## What you have to do
Reproduce, from the lines below, exactly the stretch that begins at the line containing "Макс Планк квантовая гипотеза." and ends at the line containing "SAP Transportation Management", both included.

## Task material
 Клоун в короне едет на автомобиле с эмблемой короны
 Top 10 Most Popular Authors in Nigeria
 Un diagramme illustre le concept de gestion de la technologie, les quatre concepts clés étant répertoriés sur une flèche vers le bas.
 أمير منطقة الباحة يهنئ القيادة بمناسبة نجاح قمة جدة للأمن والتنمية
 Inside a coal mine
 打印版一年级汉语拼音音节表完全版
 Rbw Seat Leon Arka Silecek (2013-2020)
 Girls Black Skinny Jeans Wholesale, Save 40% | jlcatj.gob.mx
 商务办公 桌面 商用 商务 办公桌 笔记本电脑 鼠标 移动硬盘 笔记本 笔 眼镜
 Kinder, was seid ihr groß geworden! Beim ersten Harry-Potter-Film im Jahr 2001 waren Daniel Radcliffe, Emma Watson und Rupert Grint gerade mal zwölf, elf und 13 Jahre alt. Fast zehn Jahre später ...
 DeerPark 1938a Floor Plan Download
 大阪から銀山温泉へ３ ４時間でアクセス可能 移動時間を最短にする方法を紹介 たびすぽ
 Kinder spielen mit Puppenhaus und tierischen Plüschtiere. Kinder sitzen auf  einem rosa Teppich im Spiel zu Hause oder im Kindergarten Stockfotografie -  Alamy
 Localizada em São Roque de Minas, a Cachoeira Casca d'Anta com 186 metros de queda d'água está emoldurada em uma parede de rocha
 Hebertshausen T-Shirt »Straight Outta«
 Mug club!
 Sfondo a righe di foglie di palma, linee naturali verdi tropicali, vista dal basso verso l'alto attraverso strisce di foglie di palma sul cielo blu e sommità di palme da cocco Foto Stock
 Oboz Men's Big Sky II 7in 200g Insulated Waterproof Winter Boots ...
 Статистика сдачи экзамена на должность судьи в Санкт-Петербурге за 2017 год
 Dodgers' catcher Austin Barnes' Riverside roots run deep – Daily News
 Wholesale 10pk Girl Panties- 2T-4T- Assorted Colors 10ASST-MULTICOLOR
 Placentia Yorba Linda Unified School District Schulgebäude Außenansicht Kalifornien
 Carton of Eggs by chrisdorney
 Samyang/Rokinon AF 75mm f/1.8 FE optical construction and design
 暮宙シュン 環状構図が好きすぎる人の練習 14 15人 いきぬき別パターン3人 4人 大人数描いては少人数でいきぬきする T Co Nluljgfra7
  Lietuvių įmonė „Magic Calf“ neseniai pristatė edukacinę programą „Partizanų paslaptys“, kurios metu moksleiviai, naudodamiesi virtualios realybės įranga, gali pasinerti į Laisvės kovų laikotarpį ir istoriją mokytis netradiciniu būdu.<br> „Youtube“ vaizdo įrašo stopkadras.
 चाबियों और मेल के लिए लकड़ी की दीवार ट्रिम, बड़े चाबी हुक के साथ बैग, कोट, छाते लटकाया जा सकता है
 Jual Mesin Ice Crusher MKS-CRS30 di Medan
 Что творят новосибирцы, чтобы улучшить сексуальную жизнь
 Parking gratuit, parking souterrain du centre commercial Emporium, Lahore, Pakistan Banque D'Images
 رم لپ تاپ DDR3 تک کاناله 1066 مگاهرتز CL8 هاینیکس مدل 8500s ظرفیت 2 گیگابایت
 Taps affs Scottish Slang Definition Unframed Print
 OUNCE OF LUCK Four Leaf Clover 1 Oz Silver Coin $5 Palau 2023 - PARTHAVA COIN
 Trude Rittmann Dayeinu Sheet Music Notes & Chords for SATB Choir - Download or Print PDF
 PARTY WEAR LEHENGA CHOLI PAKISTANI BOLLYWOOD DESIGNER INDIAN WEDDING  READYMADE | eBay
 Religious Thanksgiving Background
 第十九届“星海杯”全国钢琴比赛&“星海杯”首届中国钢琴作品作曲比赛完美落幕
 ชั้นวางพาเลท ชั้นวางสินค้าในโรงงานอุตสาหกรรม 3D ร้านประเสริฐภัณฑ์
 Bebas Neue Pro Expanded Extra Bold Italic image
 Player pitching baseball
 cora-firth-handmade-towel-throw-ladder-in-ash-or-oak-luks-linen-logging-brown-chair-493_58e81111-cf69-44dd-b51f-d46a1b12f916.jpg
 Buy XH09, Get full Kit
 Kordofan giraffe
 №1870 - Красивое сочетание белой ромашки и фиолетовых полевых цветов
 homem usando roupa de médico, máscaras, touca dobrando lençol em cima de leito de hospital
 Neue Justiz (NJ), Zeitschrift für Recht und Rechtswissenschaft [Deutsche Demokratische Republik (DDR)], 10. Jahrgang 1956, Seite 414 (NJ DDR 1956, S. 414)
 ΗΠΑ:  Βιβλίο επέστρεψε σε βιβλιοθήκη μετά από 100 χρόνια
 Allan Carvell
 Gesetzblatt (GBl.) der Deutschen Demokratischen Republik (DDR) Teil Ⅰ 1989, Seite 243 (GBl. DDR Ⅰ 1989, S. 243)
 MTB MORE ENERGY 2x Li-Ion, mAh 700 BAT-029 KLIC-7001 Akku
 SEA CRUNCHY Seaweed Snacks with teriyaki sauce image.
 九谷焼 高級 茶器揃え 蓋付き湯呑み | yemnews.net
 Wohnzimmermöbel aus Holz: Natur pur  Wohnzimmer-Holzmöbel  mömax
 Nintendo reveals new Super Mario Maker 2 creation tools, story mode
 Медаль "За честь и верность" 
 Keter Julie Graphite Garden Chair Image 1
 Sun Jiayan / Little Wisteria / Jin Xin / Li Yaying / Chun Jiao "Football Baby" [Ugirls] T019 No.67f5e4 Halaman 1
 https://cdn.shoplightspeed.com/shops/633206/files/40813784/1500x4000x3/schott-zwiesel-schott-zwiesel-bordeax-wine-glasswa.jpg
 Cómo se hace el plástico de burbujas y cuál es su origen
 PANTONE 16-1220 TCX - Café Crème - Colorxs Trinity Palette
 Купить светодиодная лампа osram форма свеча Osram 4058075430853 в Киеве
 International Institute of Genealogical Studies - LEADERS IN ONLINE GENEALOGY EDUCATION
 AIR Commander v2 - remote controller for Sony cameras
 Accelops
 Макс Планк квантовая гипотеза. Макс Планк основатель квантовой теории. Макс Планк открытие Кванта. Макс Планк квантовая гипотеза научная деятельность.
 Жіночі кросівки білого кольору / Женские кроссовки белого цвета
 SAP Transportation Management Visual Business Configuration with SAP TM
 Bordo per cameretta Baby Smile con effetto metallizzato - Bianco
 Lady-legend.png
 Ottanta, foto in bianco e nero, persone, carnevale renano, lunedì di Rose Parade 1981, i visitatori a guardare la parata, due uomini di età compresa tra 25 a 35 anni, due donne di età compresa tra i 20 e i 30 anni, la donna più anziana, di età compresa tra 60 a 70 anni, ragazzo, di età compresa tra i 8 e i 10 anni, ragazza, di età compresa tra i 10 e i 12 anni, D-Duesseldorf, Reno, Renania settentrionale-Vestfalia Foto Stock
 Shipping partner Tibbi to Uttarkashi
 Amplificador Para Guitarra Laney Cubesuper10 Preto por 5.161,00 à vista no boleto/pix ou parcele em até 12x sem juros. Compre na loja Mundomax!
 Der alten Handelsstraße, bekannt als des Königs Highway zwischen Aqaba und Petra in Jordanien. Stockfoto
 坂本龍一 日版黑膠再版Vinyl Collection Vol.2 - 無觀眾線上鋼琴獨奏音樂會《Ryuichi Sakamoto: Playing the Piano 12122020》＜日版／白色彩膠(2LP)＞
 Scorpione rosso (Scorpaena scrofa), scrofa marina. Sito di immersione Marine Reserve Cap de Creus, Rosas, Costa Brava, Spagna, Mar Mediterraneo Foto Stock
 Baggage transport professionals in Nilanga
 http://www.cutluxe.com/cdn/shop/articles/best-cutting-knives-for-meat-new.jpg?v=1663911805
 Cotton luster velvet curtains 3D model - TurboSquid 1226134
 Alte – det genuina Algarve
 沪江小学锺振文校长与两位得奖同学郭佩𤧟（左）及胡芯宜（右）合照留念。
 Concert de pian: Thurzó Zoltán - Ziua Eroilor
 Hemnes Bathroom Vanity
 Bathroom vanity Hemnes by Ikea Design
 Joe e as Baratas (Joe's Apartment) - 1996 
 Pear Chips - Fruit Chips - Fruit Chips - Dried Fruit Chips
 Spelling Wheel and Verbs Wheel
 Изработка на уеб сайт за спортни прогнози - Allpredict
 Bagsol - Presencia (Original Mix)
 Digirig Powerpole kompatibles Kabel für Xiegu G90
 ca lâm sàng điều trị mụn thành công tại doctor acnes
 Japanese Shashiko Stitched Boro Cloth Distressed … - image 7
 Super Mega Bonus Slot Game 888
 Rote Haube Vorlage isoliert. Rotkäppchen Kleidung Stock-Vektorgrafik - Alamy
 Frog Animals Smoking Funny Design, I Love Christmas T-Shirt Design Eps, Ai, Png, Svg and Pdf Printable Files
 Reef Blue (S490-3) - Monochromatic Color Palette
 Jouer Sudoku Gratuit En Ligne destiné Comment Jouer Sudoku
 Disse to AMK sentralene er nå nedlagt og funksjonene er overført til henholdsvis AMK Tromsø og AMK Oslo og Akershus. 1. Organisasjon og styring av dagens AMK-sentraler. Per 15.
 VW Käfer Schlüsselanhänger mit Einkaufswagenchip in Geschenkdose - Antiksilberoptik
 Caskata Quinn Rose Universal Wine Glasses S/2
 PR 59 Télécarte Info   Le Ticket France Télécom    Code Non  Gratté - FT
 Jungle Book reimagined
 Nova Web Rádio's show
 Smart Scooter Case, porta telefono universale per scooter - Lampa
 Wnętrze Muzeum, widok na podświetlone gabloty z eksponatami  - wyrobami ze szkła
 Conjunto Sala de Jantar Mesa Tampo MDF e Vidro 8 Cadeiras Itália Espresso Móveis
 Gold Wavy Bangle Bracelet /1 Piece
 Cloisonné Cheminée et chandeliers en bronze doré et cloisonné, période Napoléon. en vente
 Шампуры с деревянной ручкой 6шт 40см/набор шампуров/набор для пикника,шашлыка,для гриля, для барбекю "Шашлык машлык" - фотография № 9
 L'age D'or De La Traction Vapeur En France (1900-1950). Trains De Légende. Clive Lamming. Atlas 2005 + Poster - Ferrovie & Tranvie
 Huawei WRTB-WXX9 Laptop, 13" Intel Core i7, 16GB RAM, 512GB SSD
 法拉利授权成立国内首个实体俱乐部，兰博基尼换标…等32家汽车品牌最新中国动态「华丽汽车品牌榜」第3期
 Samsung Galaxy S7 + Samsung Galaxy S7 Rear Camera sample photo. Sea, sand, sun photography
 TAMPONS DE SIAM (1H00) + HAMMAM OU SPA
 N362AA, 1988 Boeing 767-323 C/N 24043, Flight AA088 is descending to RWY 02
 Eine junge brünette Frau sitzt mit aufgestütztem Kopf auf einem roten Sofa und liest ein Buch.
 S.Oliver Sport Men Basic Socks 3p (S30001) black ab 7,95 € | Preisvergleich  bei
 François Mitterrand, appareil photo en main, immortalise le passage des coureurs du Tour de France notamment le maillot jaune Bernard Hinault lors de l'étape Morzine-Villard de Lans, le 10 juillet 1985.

## Solution below
 Макс Планк квантовая гипотеза. Макс Планк основатель квантовой теории. Макс Планк открытие Кванта. Макс Планк квантовая гипотеза научная деятельность.
 Жіночі кросівки білого кольору / Женские кроссовки белого цвета
 SAP Transportation Management Visual Business Configuration with SAP TM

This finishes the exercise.